Can you help me please?

Regards,
arenist

Re: No notification after an error

Posted: Mon Feb 09, 2015 4:12 pm
by tgriep
Are the contacts in the contact groups "admins" and "ias_log" setup to receive notifications?
Could you post the settings for those groups and the users assigned to them?
Also, is the server setup with notifications enabled?

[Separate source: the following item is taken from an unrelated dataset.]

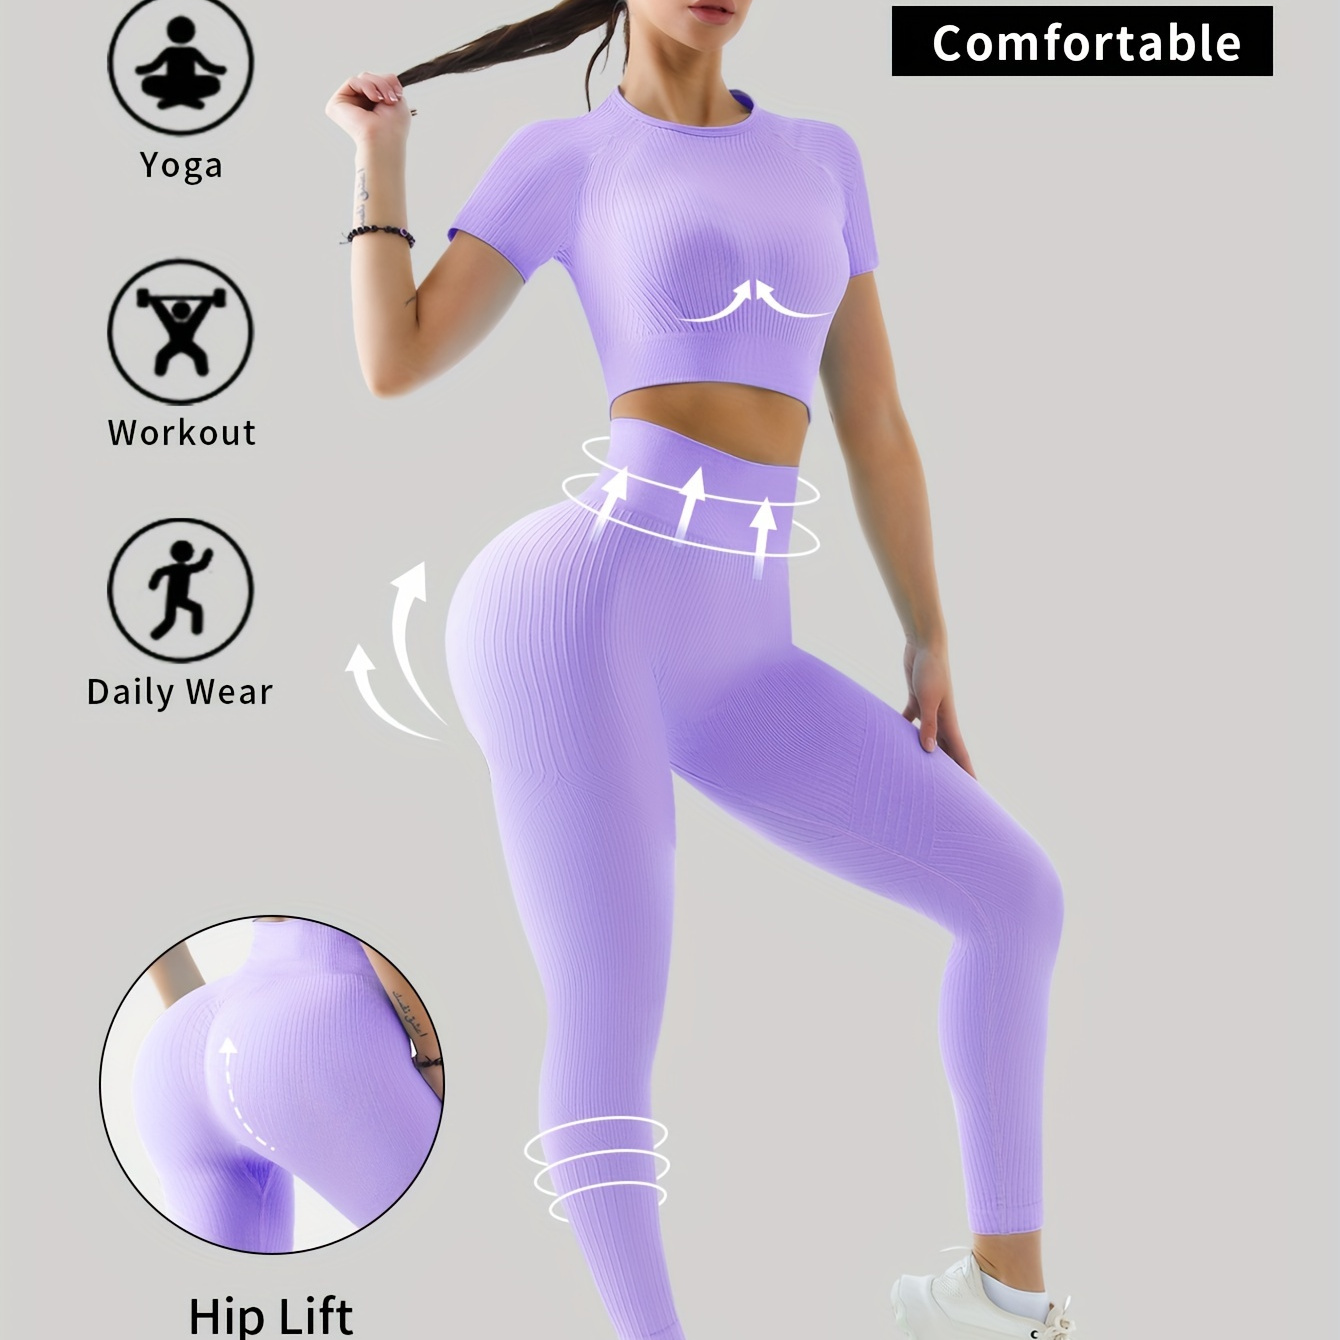 

Women's High Waist Hip Lift Yoga Pants And Stretchy Crop Top Set, Sporty, Comfortable Fits For Workout And Daily Use

Re: No notification after an error

Posted: Tue Feb 10, 2015 8:16 am
by arenist
Hi tgriep,

my contacts.cfg is configured well. I think I found out myself why nagios didn't post the incident. The service "ElsaMarke Errors" on server majb-vp-11 was flapping:

Code: Select all

[1422946150] SERVICE FLAPPING ALERT: majb-vp-11;ElsaMarke errors;STARTED; Service appears to have started flapping (22.6% change >= 20.0% threshold)
...
[1423060750] SERVICE ALERT: majb-vp-11;ElsaMarke errors;CRITICAL;HARD;1;< at org.apache.catalina.valves.ErrorReportValve.invoke(ErrorReportValve.java:102) < Caused by: java.lang.OutOfMemoryError: GC overhead limit exceeded < 2015-02-04 15:34:50,394 [-0.0.0.0-8009-1] [elheller(m=312) ] ERROR interceptor.TxInterceptor - Serverfehler : app_inst bin boot dev etc home lib lib64 lost+found media misc mnt net opt proc root sbin selinux shared_data srv sys test_pdf tftpboot tmp usr var java.lang.OutOfMemoryError - GC overhead limit exceeded < at org.apache.catalina.valves.ErrorReportValve.invoke(ErrorReportValve.java:102) < Caused by: java.lang.OutOfMemoryError: GC overhead limit exceeded < 2015-02-04 15:34:50,395 [0.0.0.0-8009-18] [anblumst ] ERROR s.common.CommonWebService - Systemfehler : null < at org.apache.catalina.valves.ErrorReportValve.invoke(ErrorReportValve.java:102) < 2015-02-04 15:34:50,417 [orkManager(2)-7] [ankammac(m=7635) ] ERROR e.CommonStatelessBeanBase - java.io.IOException: Invalid HTTP server response [408] - Request Time-out < 2015-02-04 15:34:50,418 [orkManager(2
...
[1423079350] SERVICE FLAPPING ALERT: majb-vp-11;ElsaMarke errors;STOPPED; Service appears to have stopped flapping (3.8% change < 5.0% threshold)
If you agree to my thoughts you can close this thread.

Thanks for your investigations,
arenist

Re: No notification after an error

Posted: Tue Feb 10, 2015 10:11 am
by tmcdonald
Yes, that would make sense if you have flap detection enabled.